Right now I have my two nerites in a quarantine tank. I saw mixed reviews on whether this was necessary or not but I figured better safe than sorry before I end up with two sick snails and a sick betta. The end goal is bringing these two into my 5 gallon betta tank to feed off the algae there. But right now they're in a 2 gal getting daily water changes to both keep the water warm and clean. My heater is keeping the tank at 70 F which I know is a low end. The 5 gal is a nice 78. 

I'm not sure if they've eaten the algae wafers. They were at least moving around them. I know they ate some algae I pulled off a plant from the main aquarium because it was gone the next day. I also gave them some pieces of cuttlebone after my smallest snail kept crawling over my bigger one. I was afraid that maybe it was eating the others shell. 

The small one has completely retracted into its shell and is pretty far deep in there. I picked it up and I THINK I saw the trap door closed. Again still new to snails so I'm trying to figure out all about them (plus they're super tiny babies, no bigger than a pea). Bigger one is stuck to the glass but not moving. 

I'll try looking into the veggie sticks and making some algae specifically for their tank. Thank you! Until now I've only focused on bettas and was restricted with what I could do. But now I live on my own with a solid job so I'm absolutely determined to make the best tank I can.


----------



## RussellTheShihTzu (Mar 19, 2013)

Take a whiff of the Nerite.
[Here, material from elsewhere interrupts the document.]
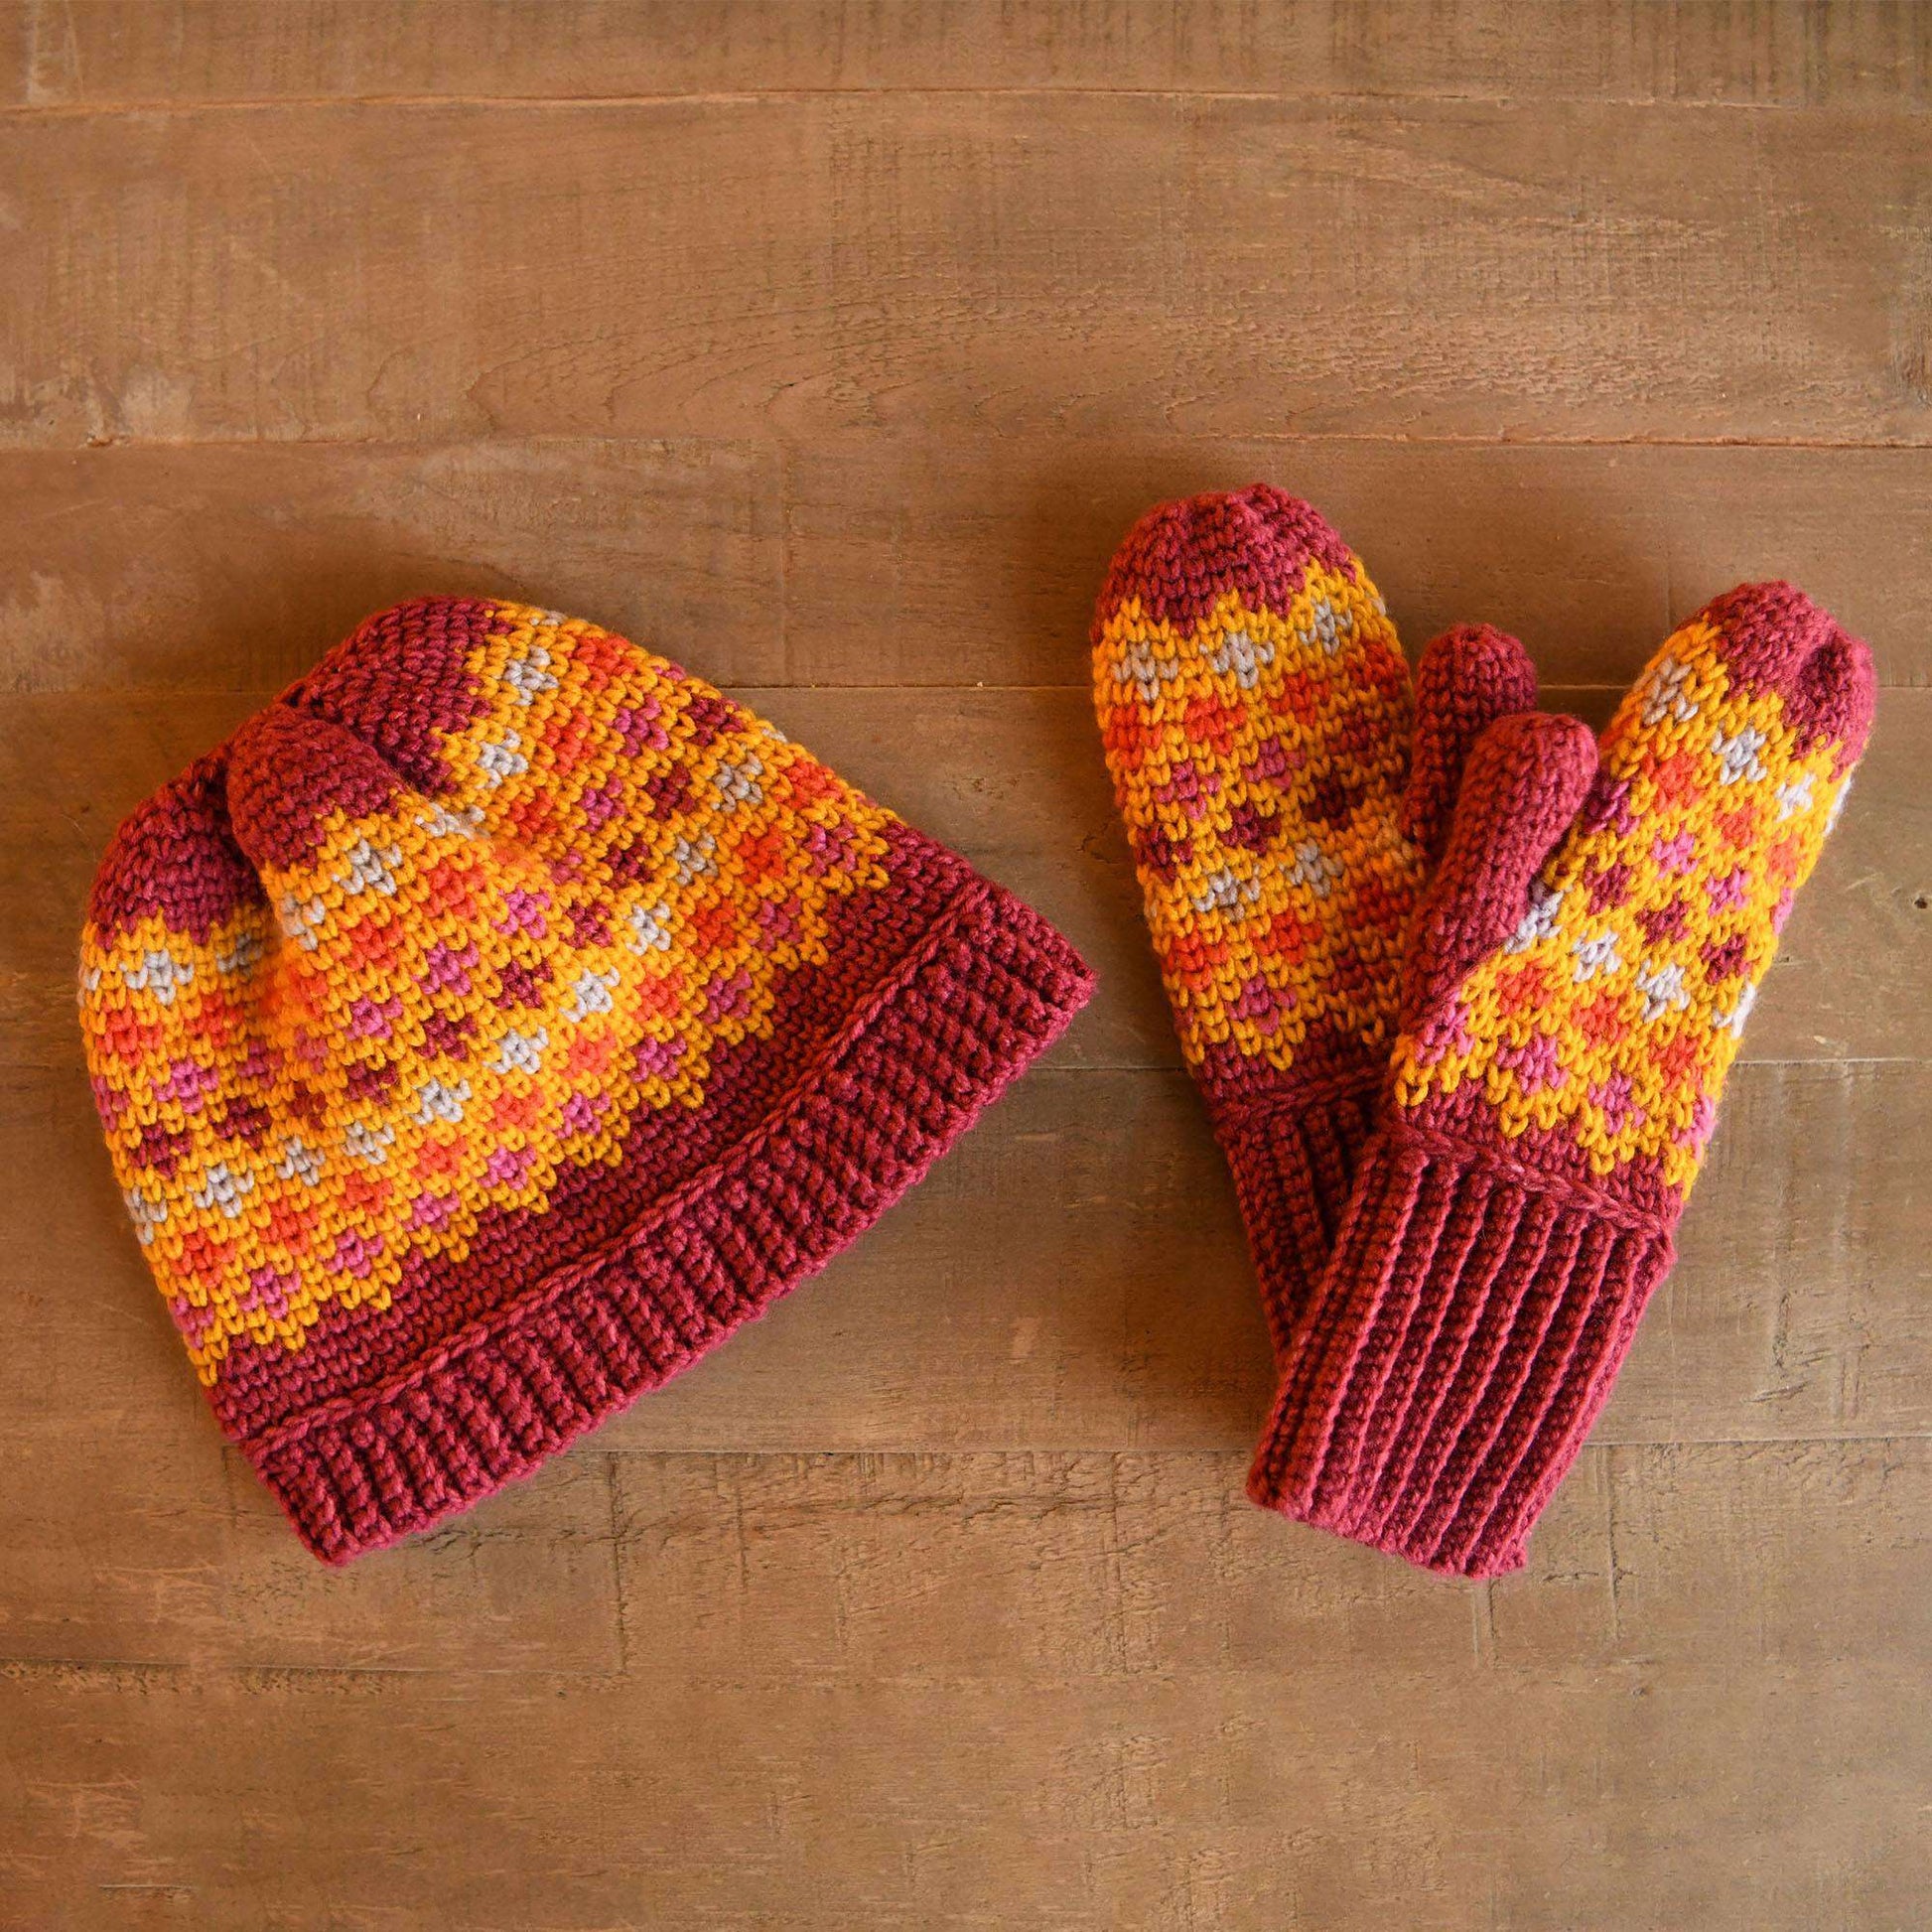 How To Crochet Hat Scarf & Mittens - Free Patterns

If he's dead I guarantee you will know it. And they won't eat each other's shell so no worries.

If you decide to eventually get a bigger tank and try some Mystery Snails, I bought mine here:








Snails


We have mystery snails in various colors and red ramshorn snails available.




angelsplus.com





They are the nicest I've found anywhere. Great support if you have questions. And you darn sure can't beat the price. 

I feed them the sticks I linked and change their quarantine tank daily or every other day. If I forget and skip a day I add two drops of SeaChem Prime. The tank is about a gallon.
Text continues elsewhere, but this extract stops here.